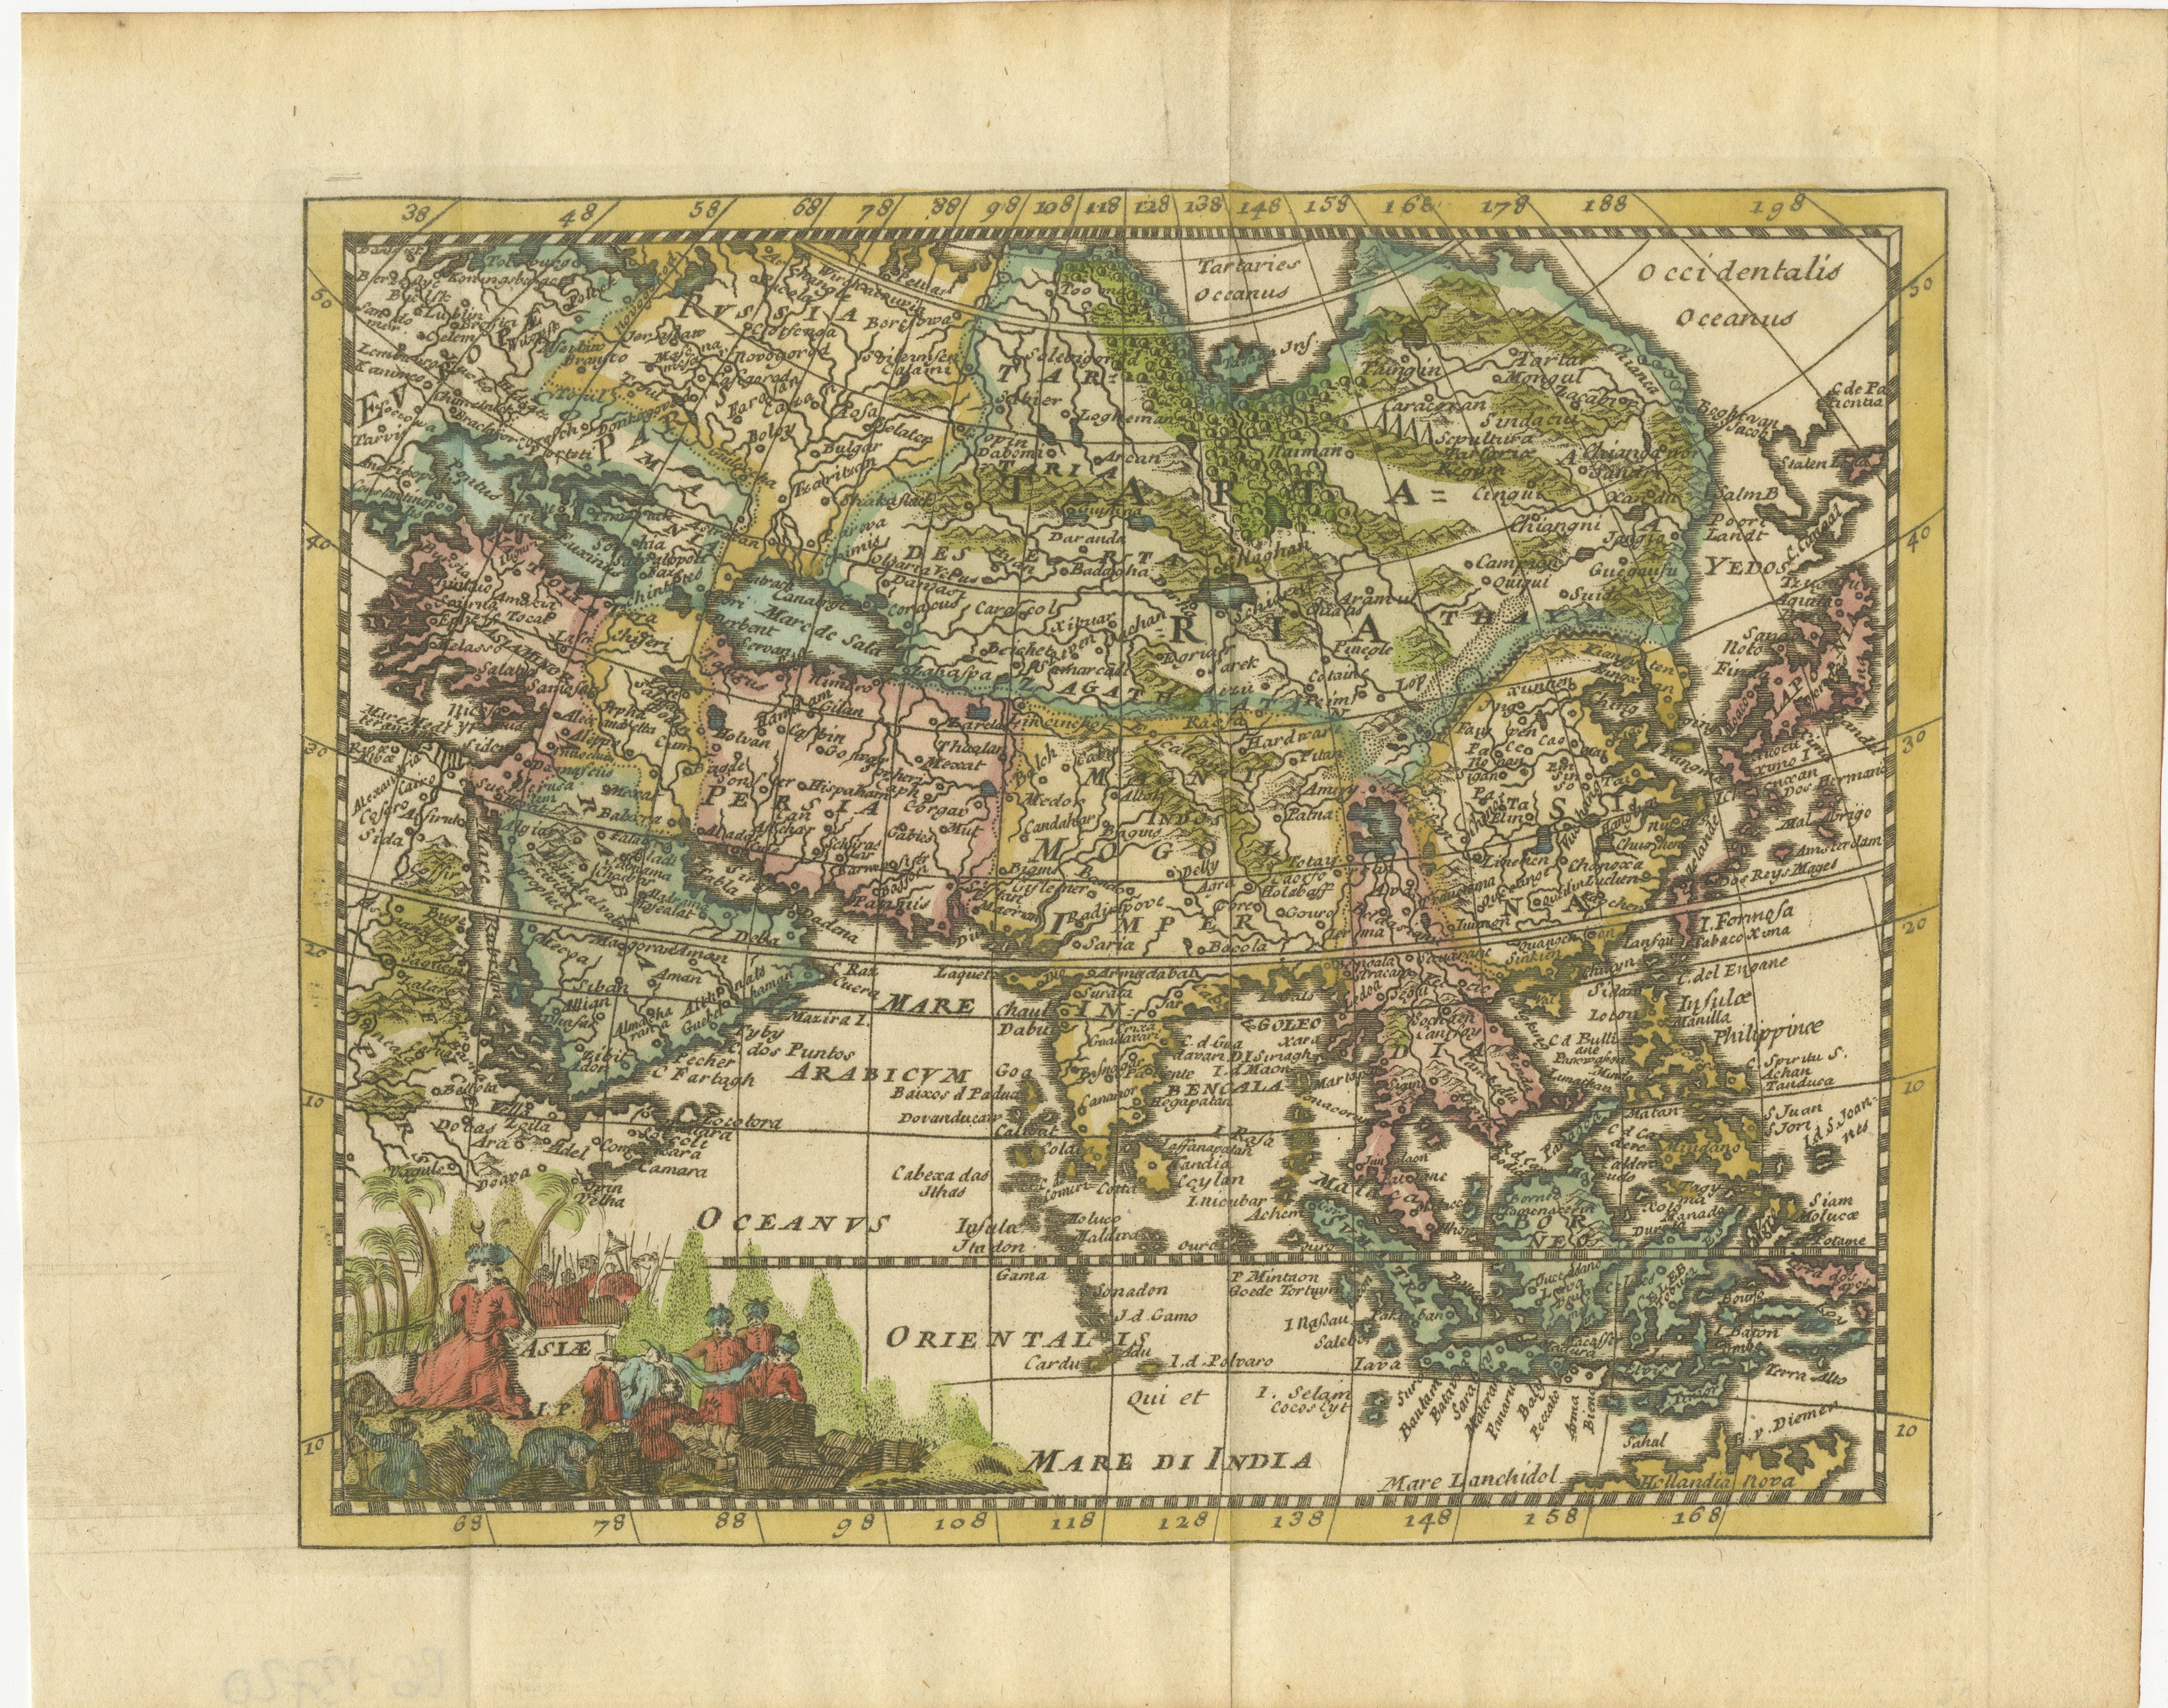 This original antique map is an artifact from a pivotal era in cartography, reflecting not only the geographical knowledge of its time but also the intertwining of art and science in map-making. 

The description indicates that it is an original
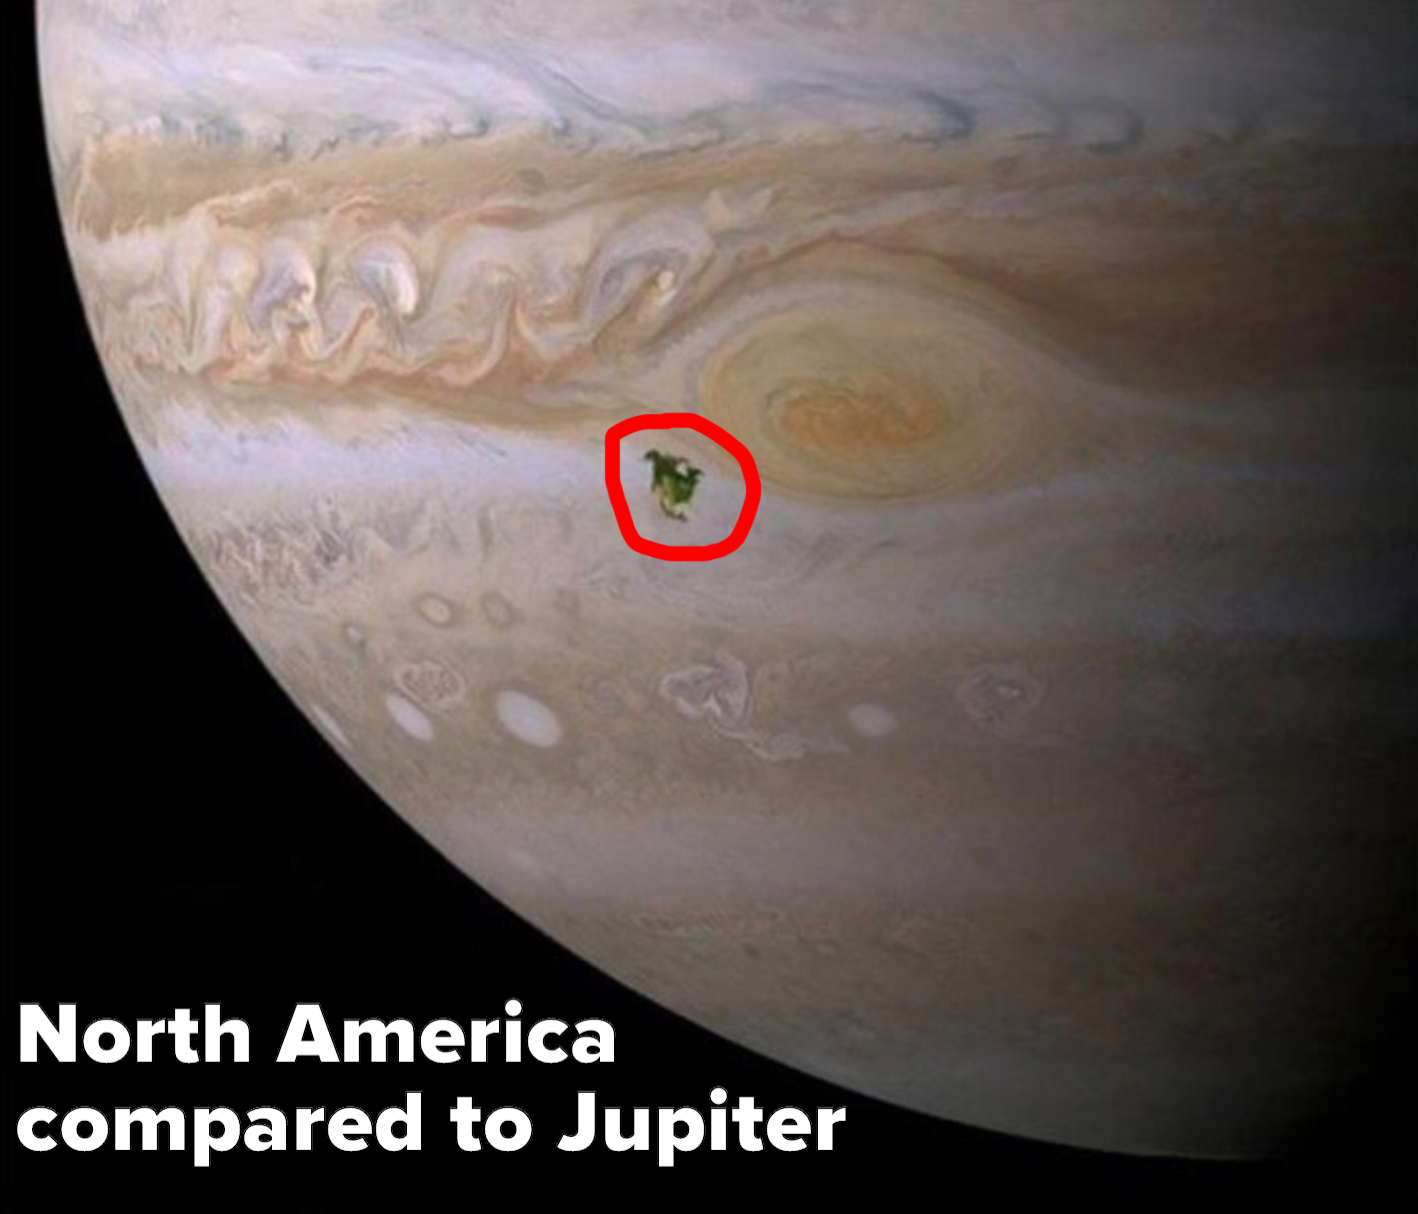 Image showing the size of North America in comparison to Jupiter
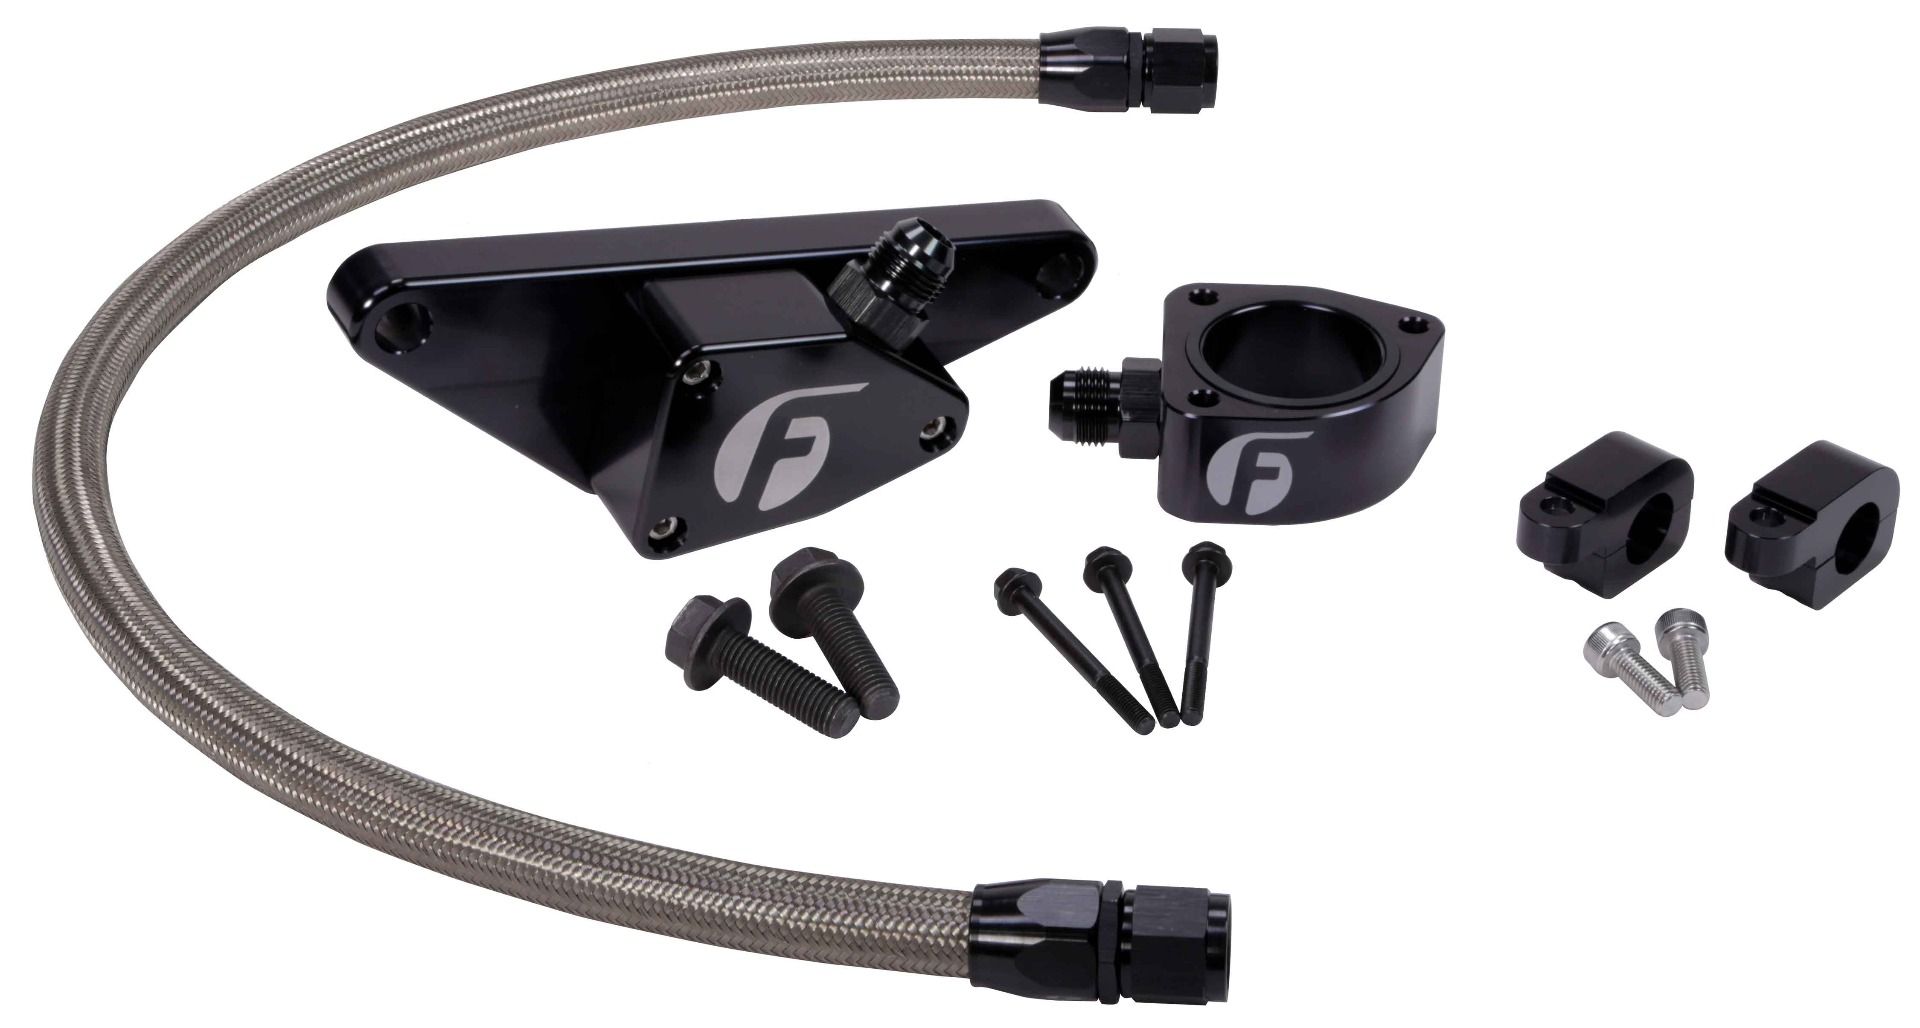 FPE-CLNTBYPS-CUMMINS-MAN-SS Fleece Coolant Bypass Kit for 2003-2018 Cummins Manual Transmission & 2007.5 to present Non EGR Equipped w/ Stainless Steel Braided Line Hell On Wheels Canada

^^^^^^^^

WHAT IS NEEDED: Word for word, restate only the lines from the one bearing "The description indicates" through the final line of the listing, inclusive, with no pictures.

TASK RESPONSE:
The description indicates that it is an original
 Image showing the size of North America in comparison to Jupiter
 FPE-CLNTBYPS-CUMMINS-MAN-SS Fleece Coolant Bypass Kit for 2003-2018 Cummins Manual Transmission & 2007.5 to present Non EGR Equipped w/ Stainless Steel Braided Line Hell On Wheels Canada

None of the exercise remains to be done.